成城の街が育んだDNAを全国へ。スーパーマーケット「成城石井」

2026.03.20

惣菜やスイーツの原点は “働く女性を支えること”

――オリジナルの惣菜やスイーツも成城石井の強みですね。

五十嵐:自家製の惣菜やスイーツを製造するセントラルキッチンを保有しています。その商品開発にはホテルや一流レストランで経験を積んだ職人をはじめ、入社後に製造現場で研鑽を積み、腕を磨いてきた社員らが、企画から調理まで一貫して関わっています。おいしさの決め手となる部分は手づくりにこだわり、24時間稼働で日々スタッフが調理をしています。野菜や果物といった農産物は気温や気候によってその味や形、熟度が変わるため、その日の状態に合わせて最適な加工や調理が必要なんです。プロの技術と設備が整っているからこそ、商品のおいしさと品質の高さに繋がっています。

自社セントラルキッチンでは、製造スタッフが一つひとつ手作業で調理を行う工程も多い。

五十嵐:惣菜事業が始まったのは、オイルショックの影響で経済が低迷していた頃。家計を支えるために働きに出る女性が増えていく時代で、そうした方々のサポートをしたいという想いから惣菜の販売を始めたんです。プロの味を楽しめるだけでなく、家庭の温かみも感じられる味を目指しているからこそ、現在に至るまで長くご愛顧いただけていると感じています。

ファンが多い成城石井の商品。五十嵐さんのお気に入りは「ポークウィンナー」(写真右上)

――国内外のさまざまなメーカーから仕入れた商品の品揃えが魅力ですが、セレクトはどのように行っているのでしょうか。

五十嵐:成城石井には『そのカテゴリーで一番おいしいものを揃える』という基本方針があり、バイヤーは常に “味・品質・価格” 3つのバランスを考えたセレクトを行っています。為替や国際情勢、気候変動などで仕入れ条件は常に変わりますが、その中で最適な商品を世界中から探してくる。お客様の期待を裏切らないために、責任感を持って従事してくれています。

よく『成城石井はスーパーというより “成城石井という業態” だ』と仰っていただけるのは、こうしたこだわりがあるからこそだと思います。

――これからの商品づくりやラインナップにも期待しています。最後に、今後の意気込みを教えてください。

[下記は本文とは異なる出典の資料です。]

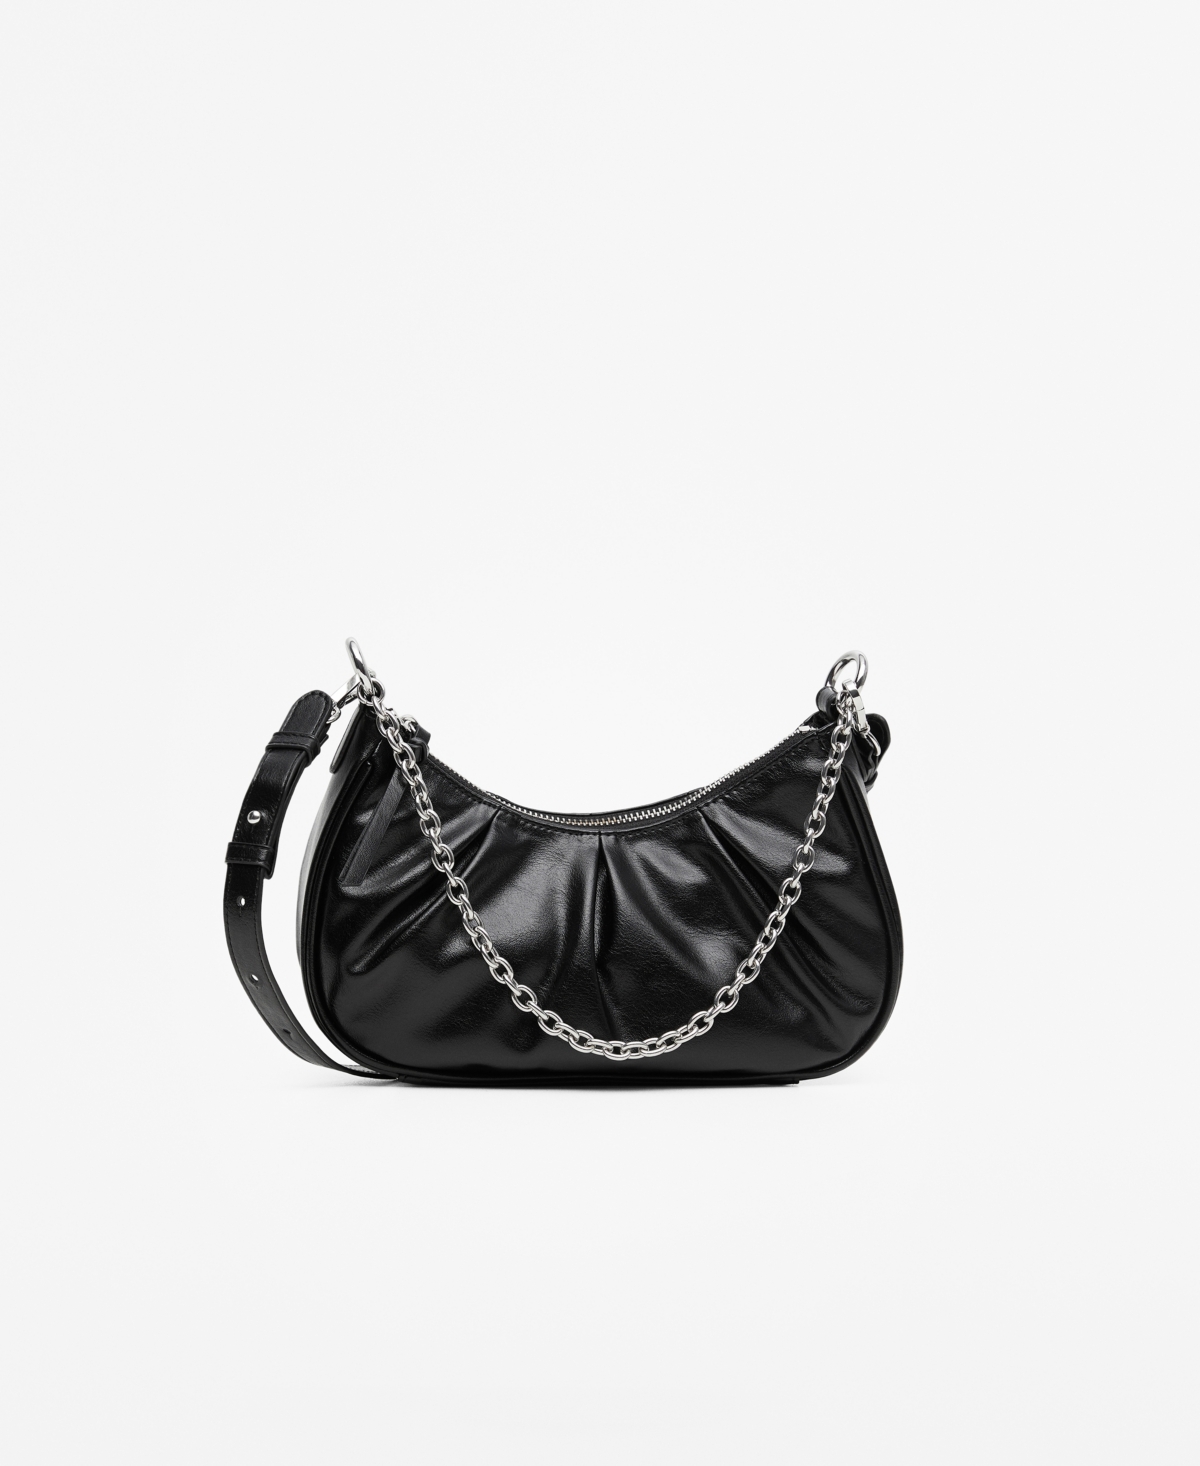 Mango Alba Chain Strap Cross Body Bag, Black, One Size
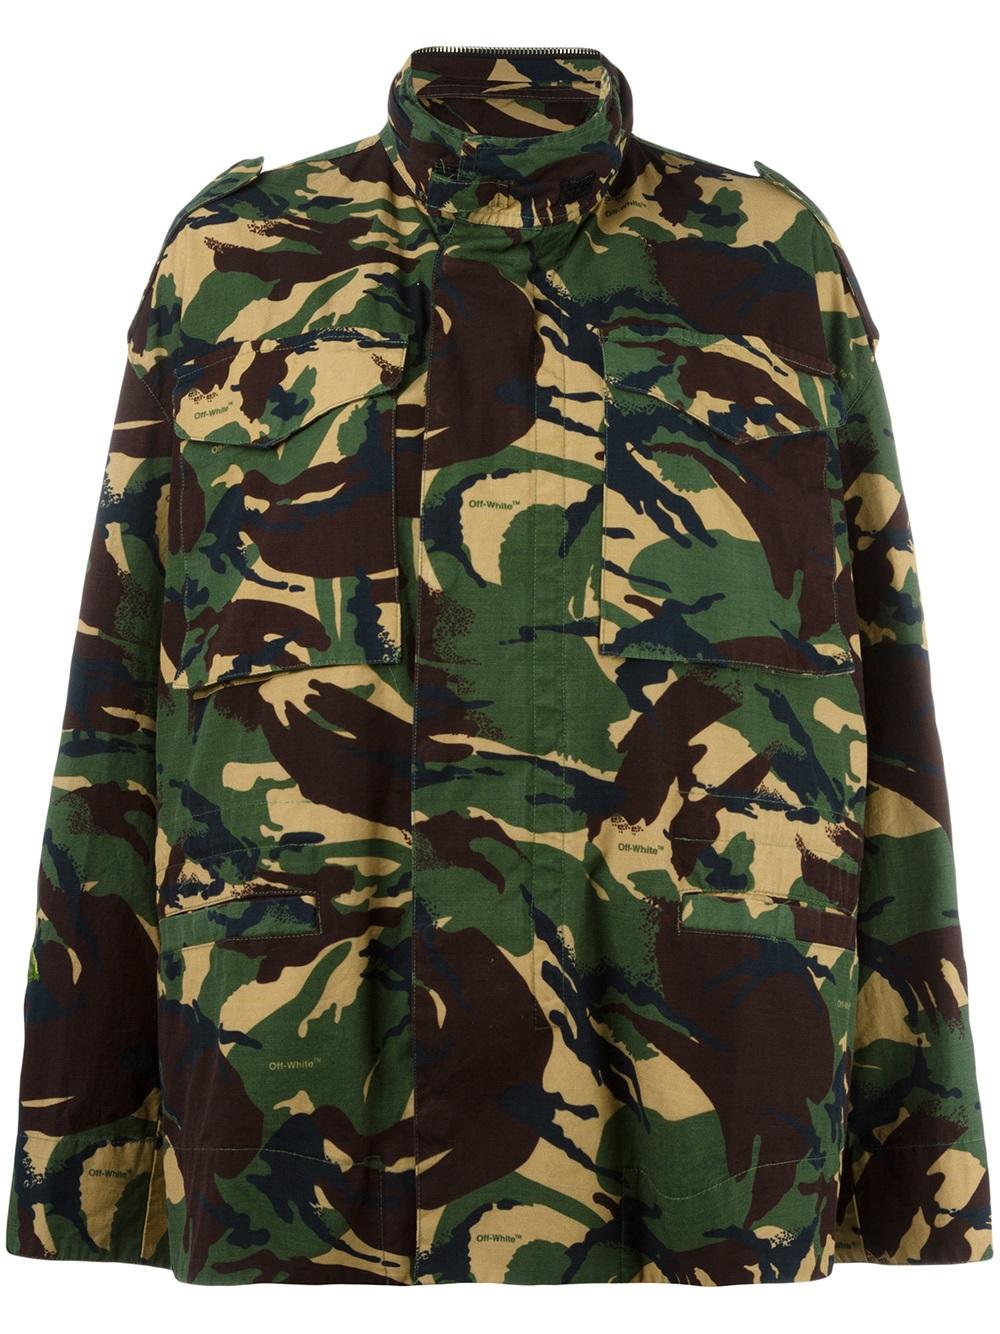 Off-White camouflage print jacket M65 Women Clothing Military Jackets

五十嵐:来年、成城石井は創業100周年を迎えます。次の100年も『成城石井があってよかった』と思っていただける存在でありたい、それが一番です。お客様のニーズは時代とともに変わるので、私たちも変化し続けなければならない。石井食料品店の頃から大切にしてきた『おいしい商品を、品質高く、お求めになりやすい価格で届ける』、このDNAを守り続けながら、常に新しいイノベーションを起こしていきたいですね。

商品のプレゼンテーションの場として、飲食店業態も展開。成城石井のバイヤーが厳選した世界中のワインと、こだわりの生ハムやチーズなどのマリアージュが楽しめるワインバー「Le Bar à Vin 52 AZABU TOKYO 麻布十番店」。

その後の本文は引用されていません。